Exercise instructions = In your copy, leave out the pictures and output only the lines from the one holding "b75641b41 Vintage 70s" through the end of the data below, exactly.

Supplied records =
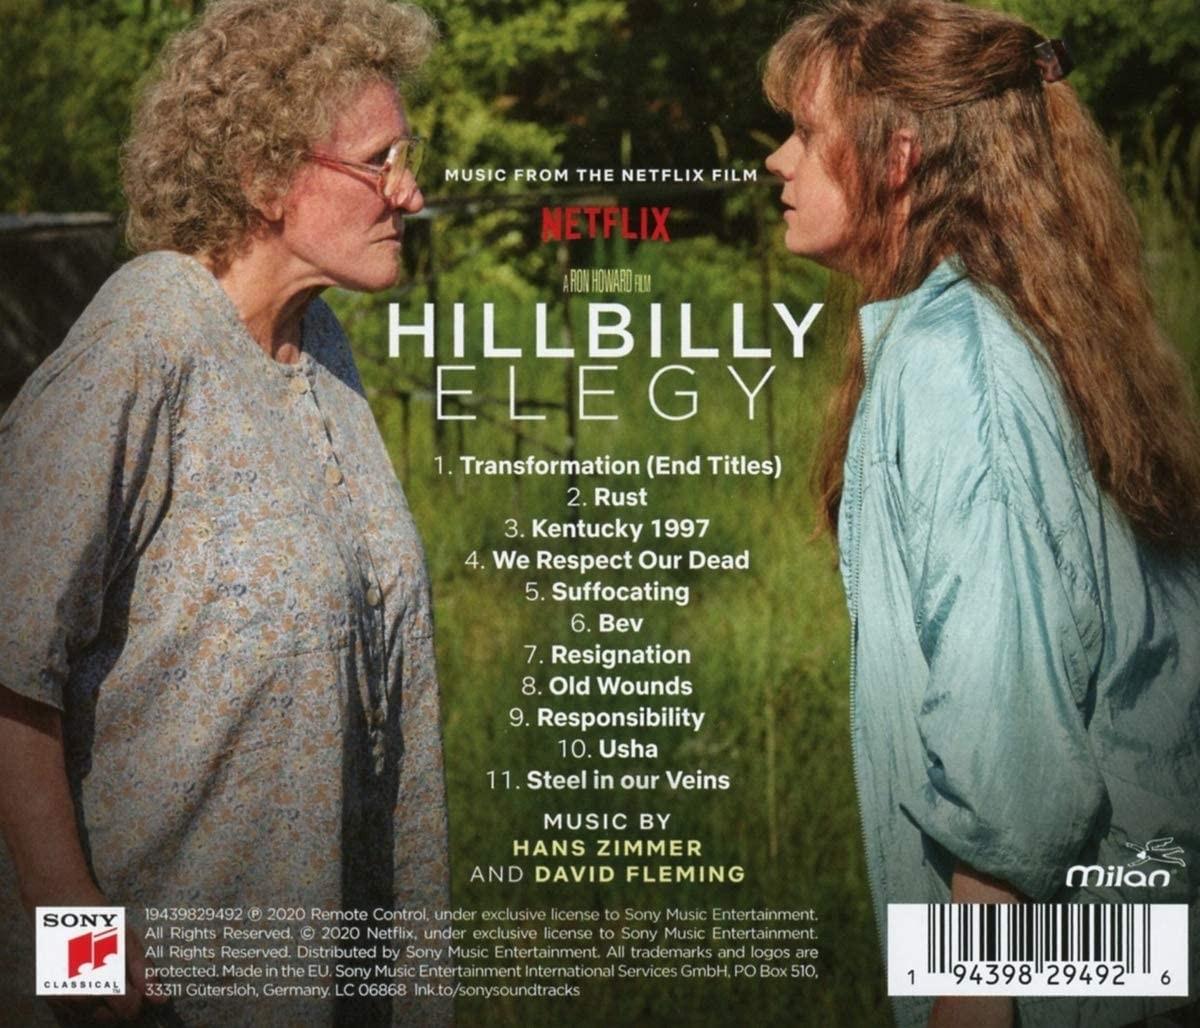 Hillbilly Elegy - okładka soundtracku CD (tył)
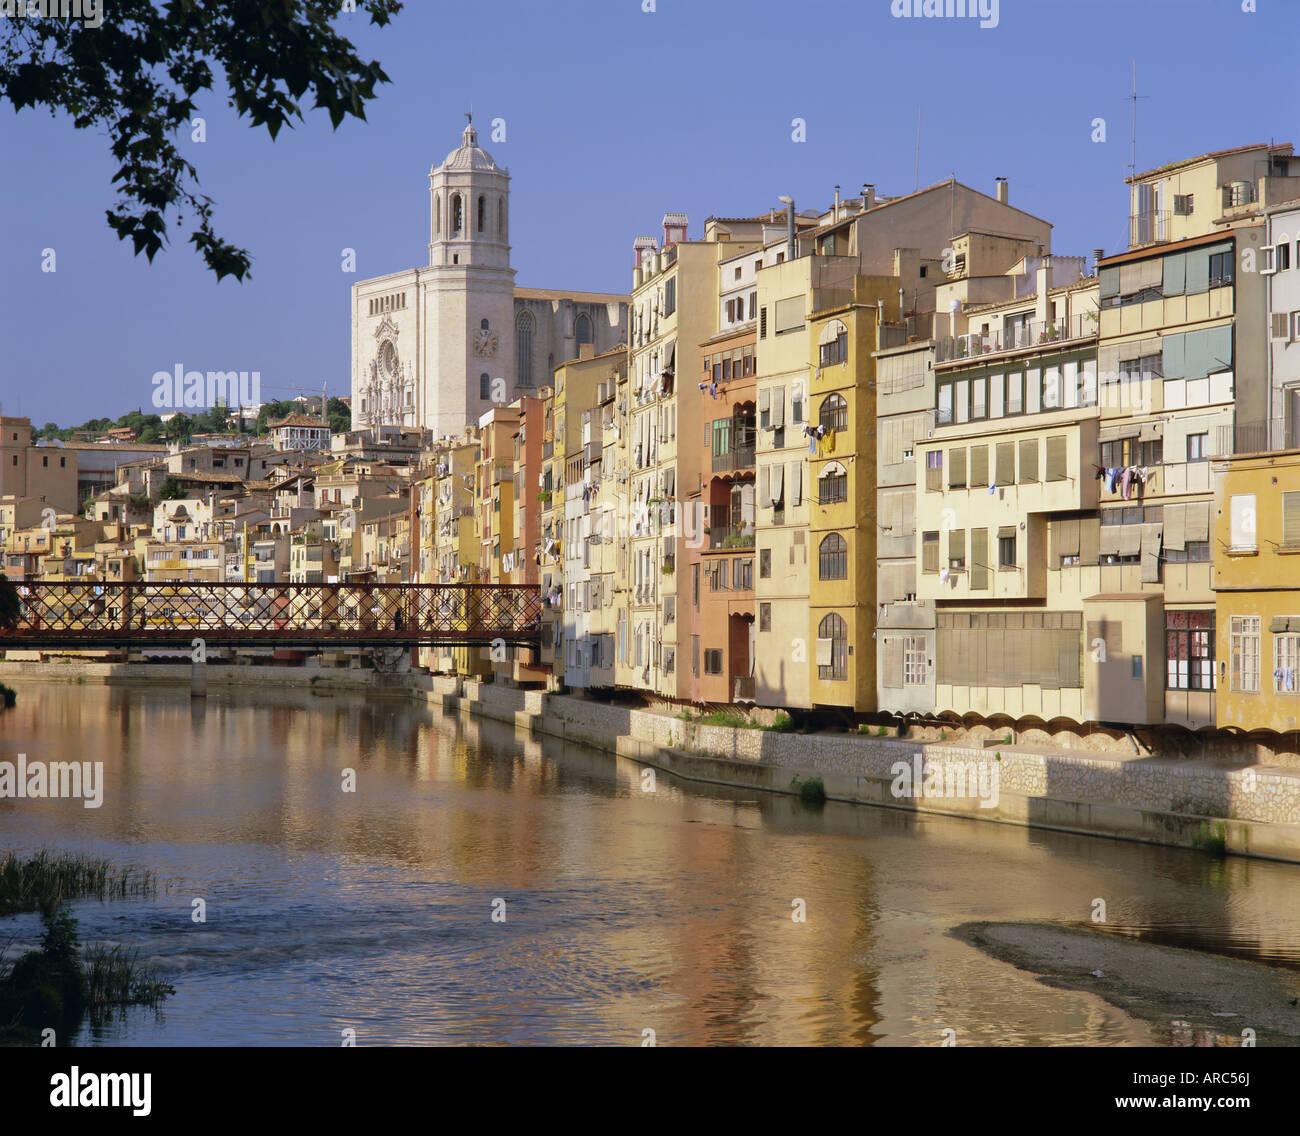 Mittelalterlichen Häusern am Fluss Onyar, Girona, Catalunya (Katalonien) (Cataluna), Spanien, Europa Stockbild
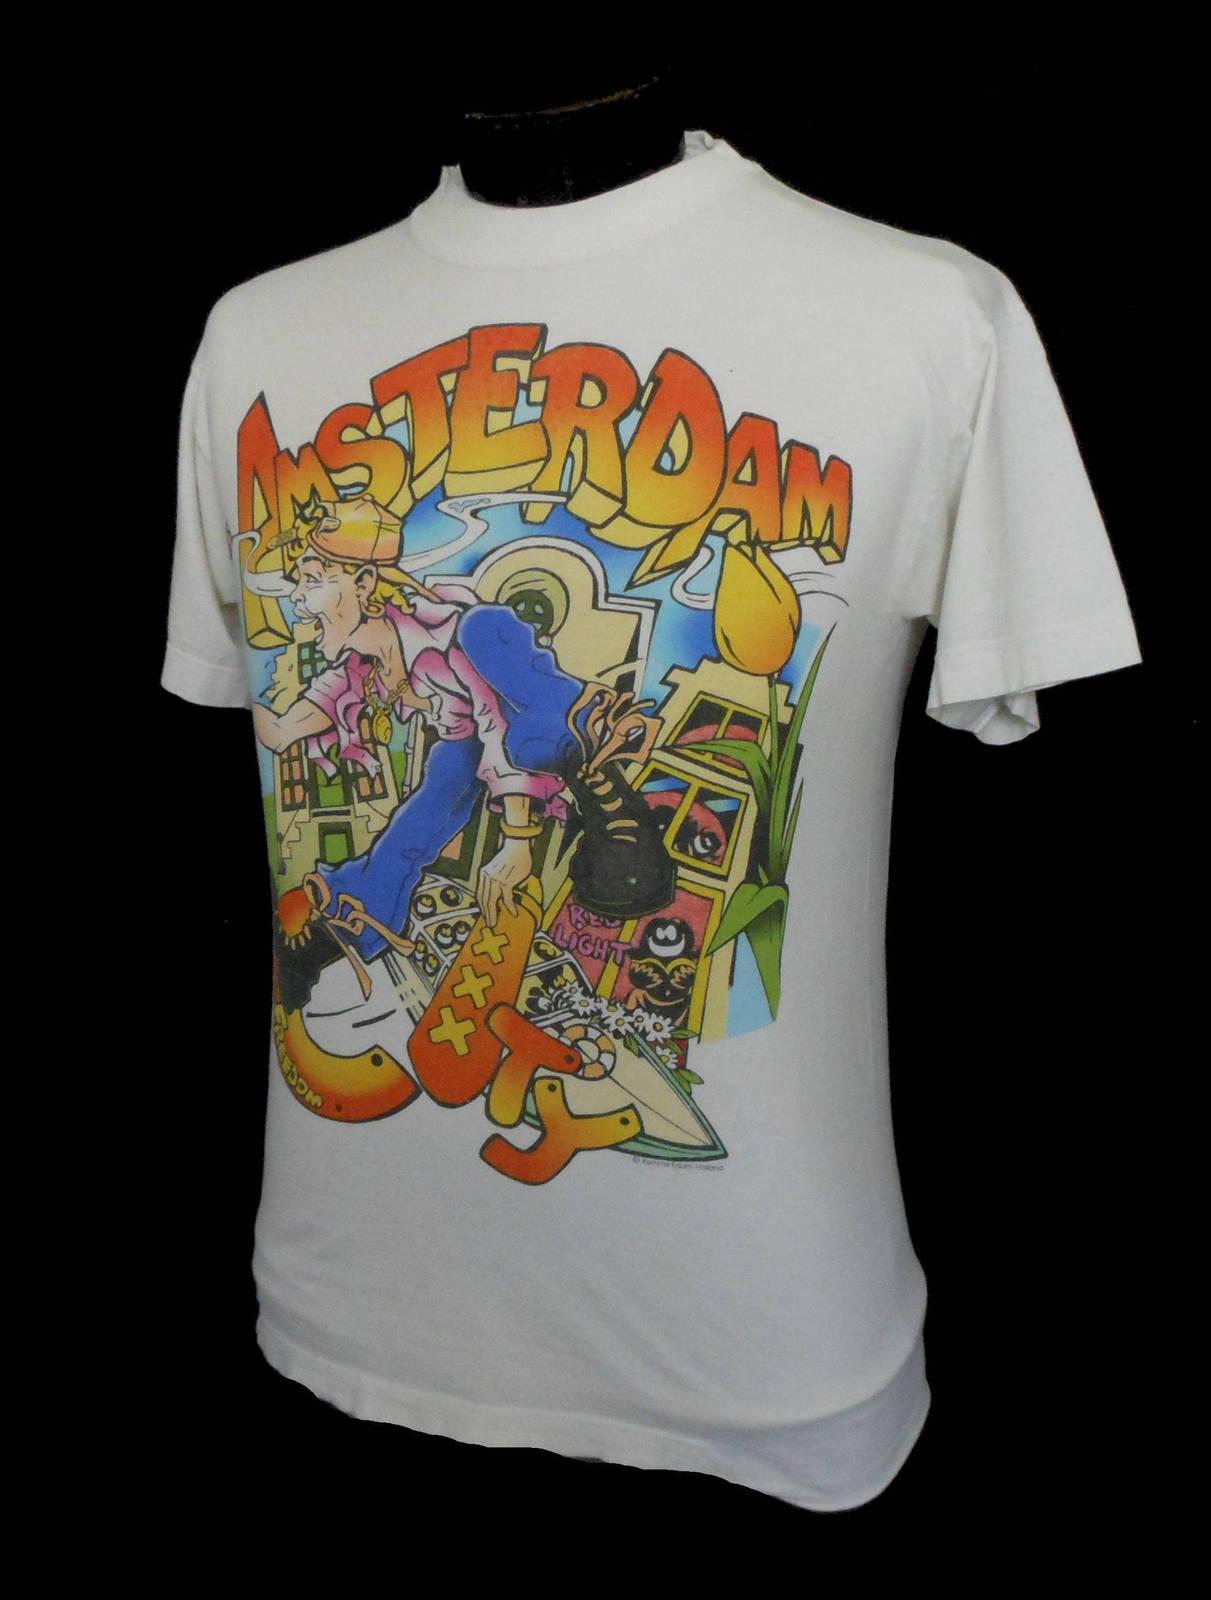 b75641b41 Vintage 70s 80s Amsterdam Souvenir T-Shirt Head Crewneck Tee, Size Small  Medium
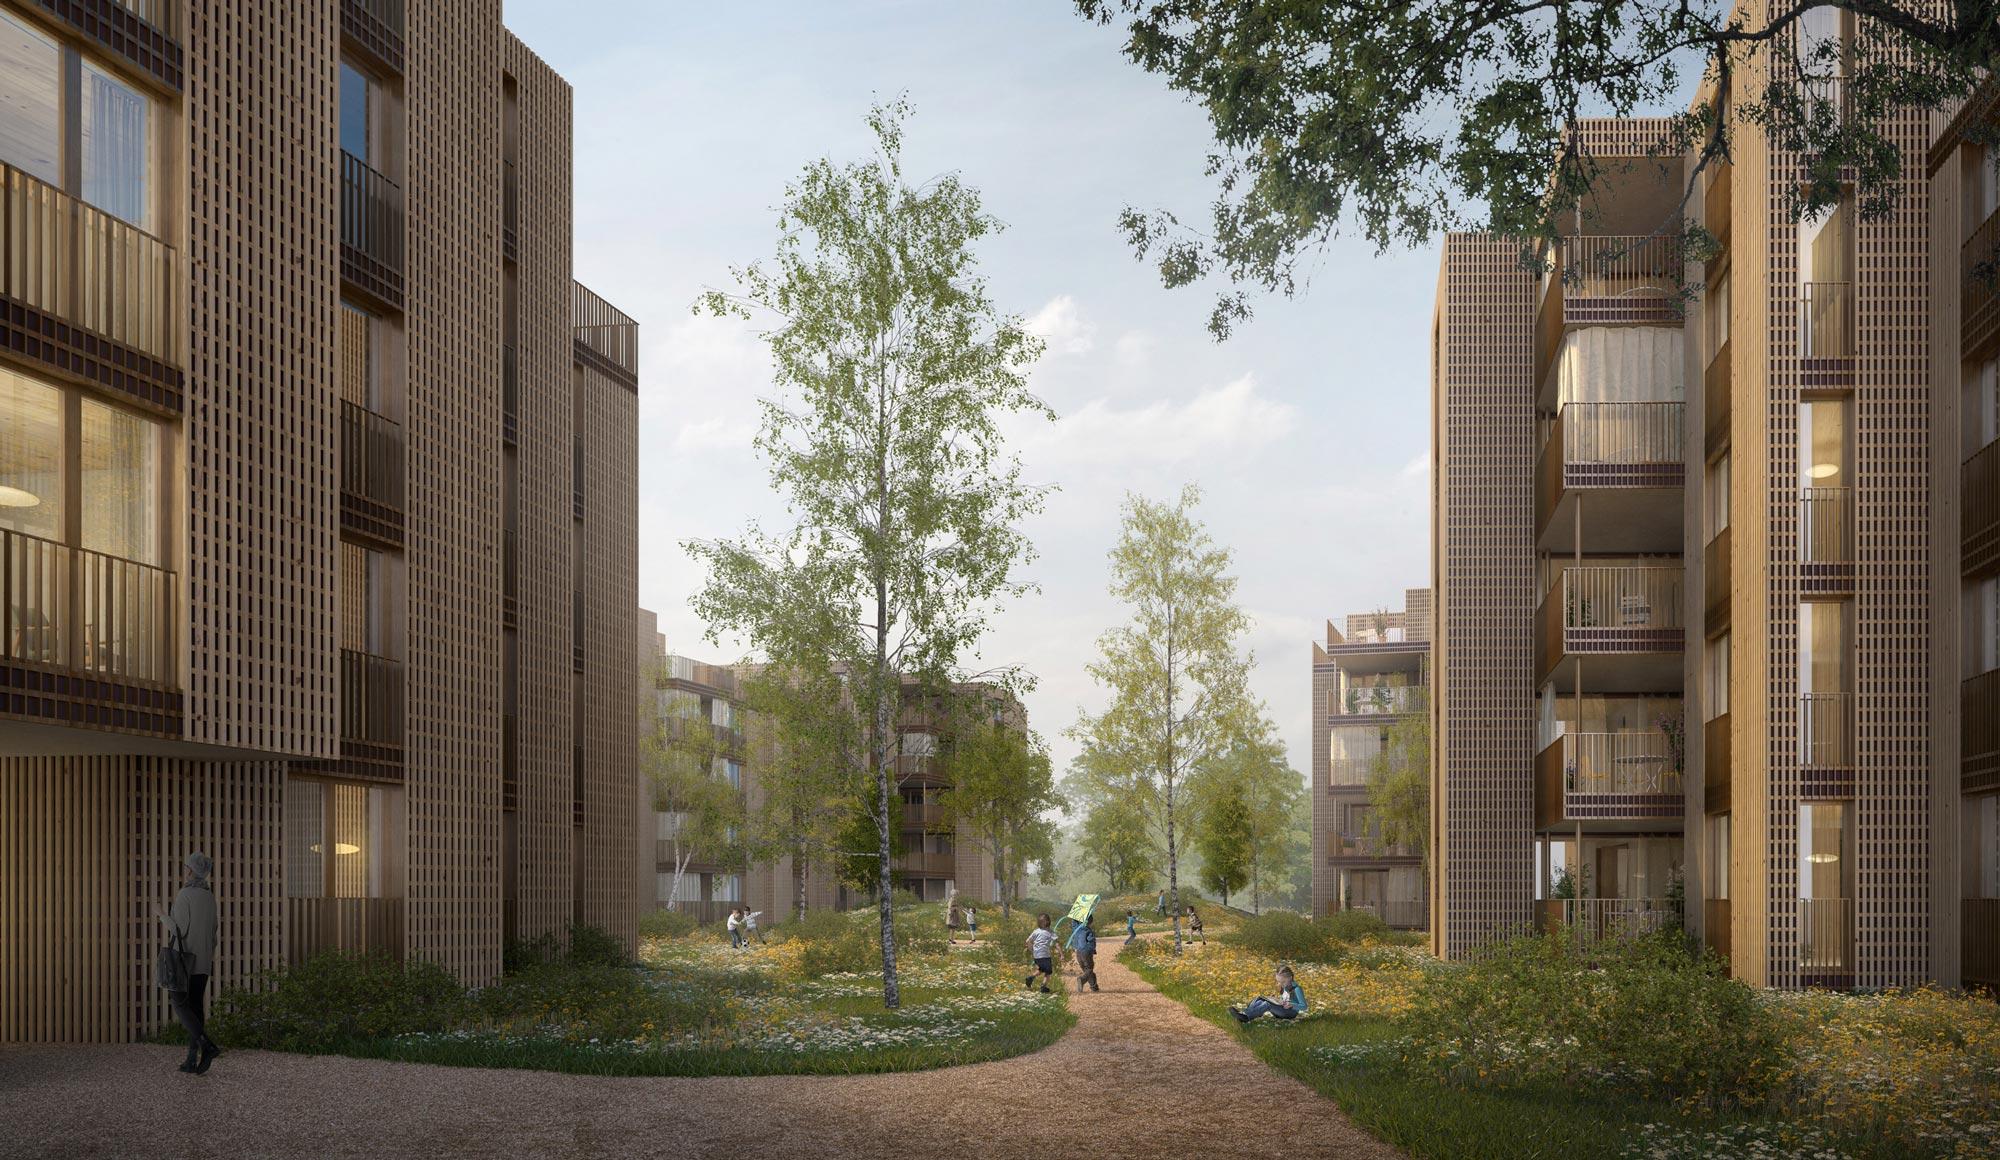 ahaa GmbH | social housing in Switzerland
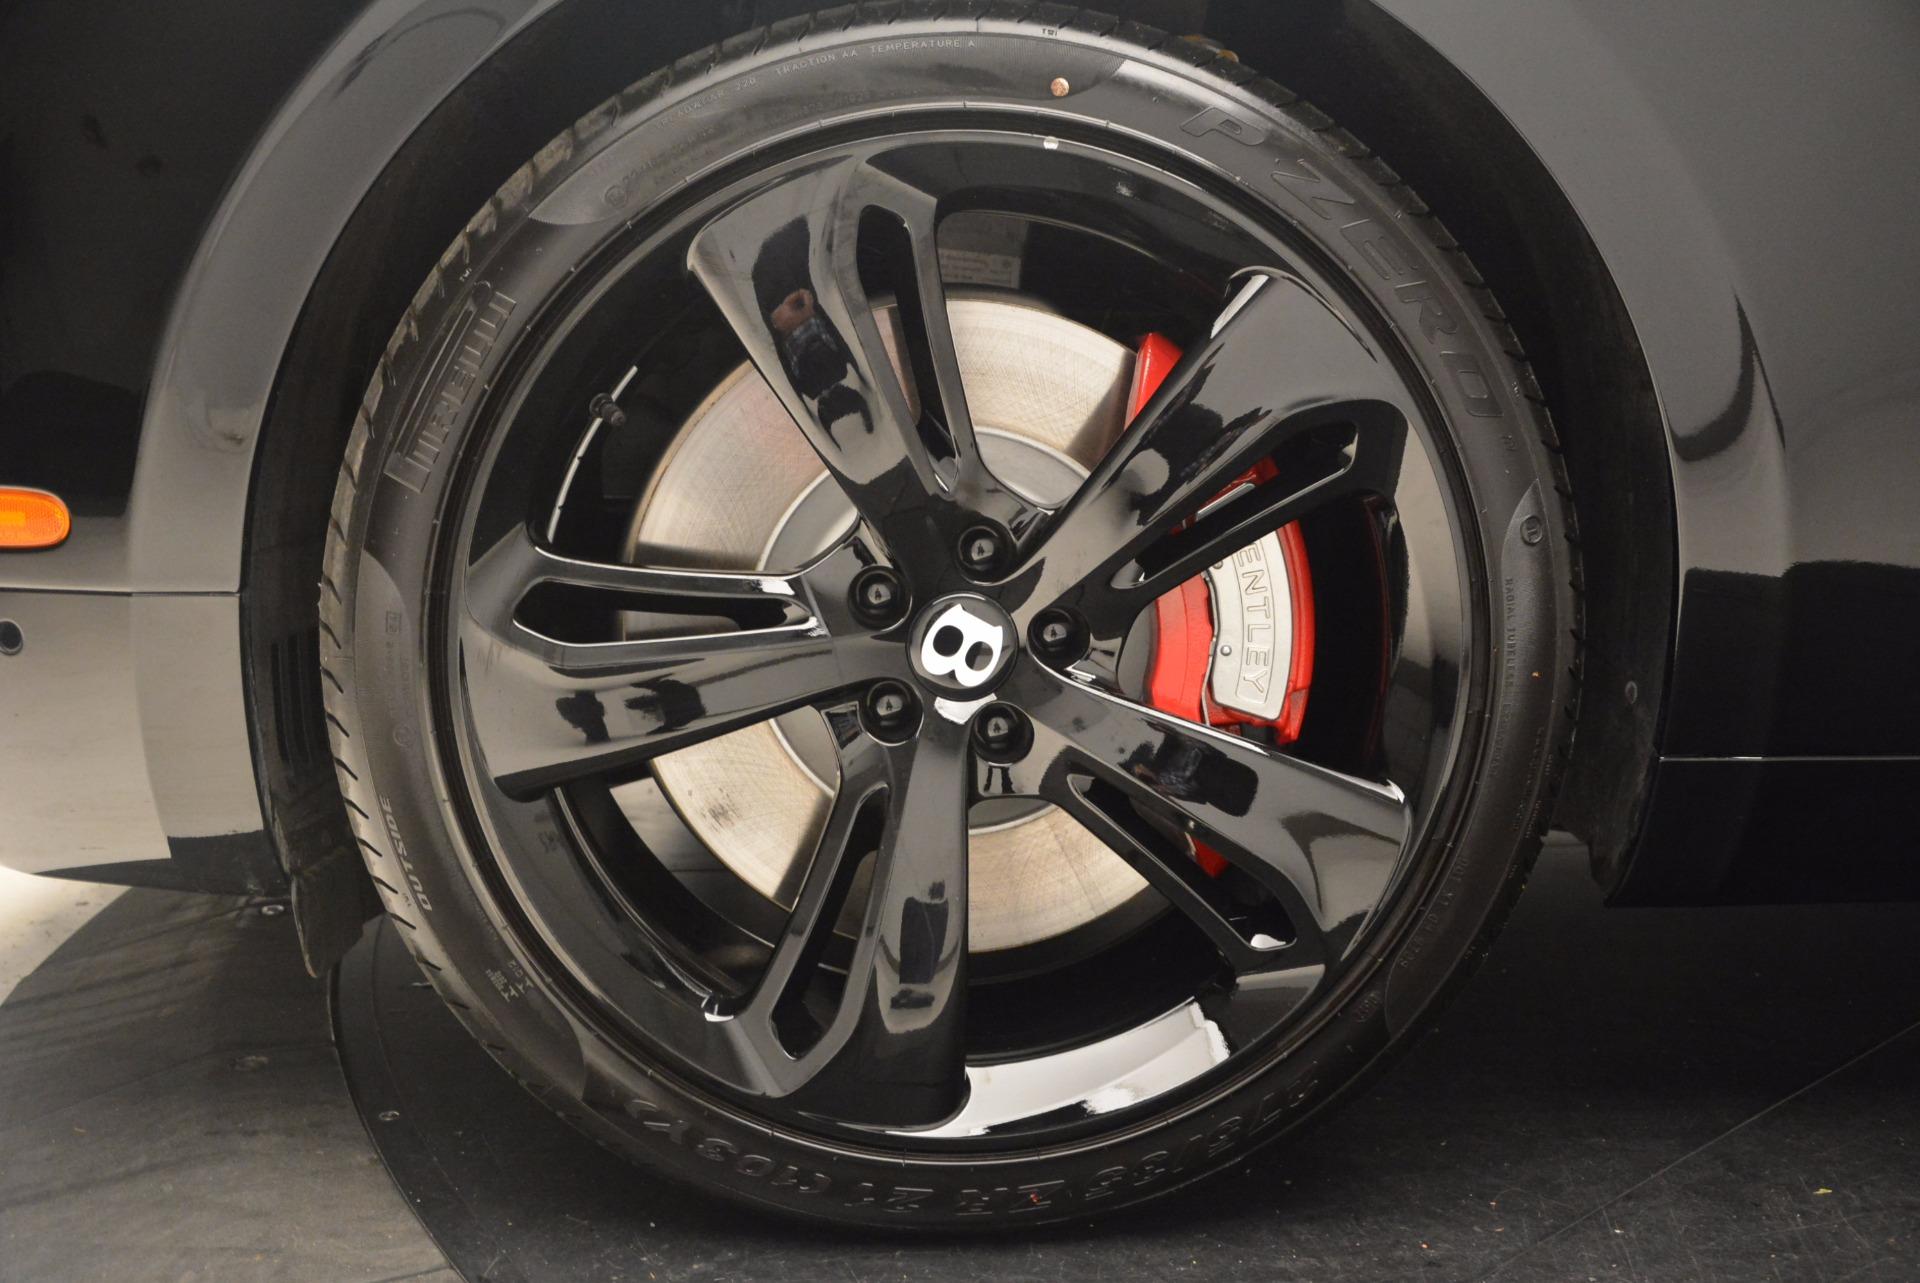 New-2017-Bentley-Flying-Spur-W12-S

Exercise output =
 b75641b41 Vintage 70s 80s Amsterdam Souvenir T-Shirt Head Crewneck Tee, Size Small  Medium
 ahaa GmbH | social housing in Switzerland
 New-2017-Bentley-Flying-Spur-W12-S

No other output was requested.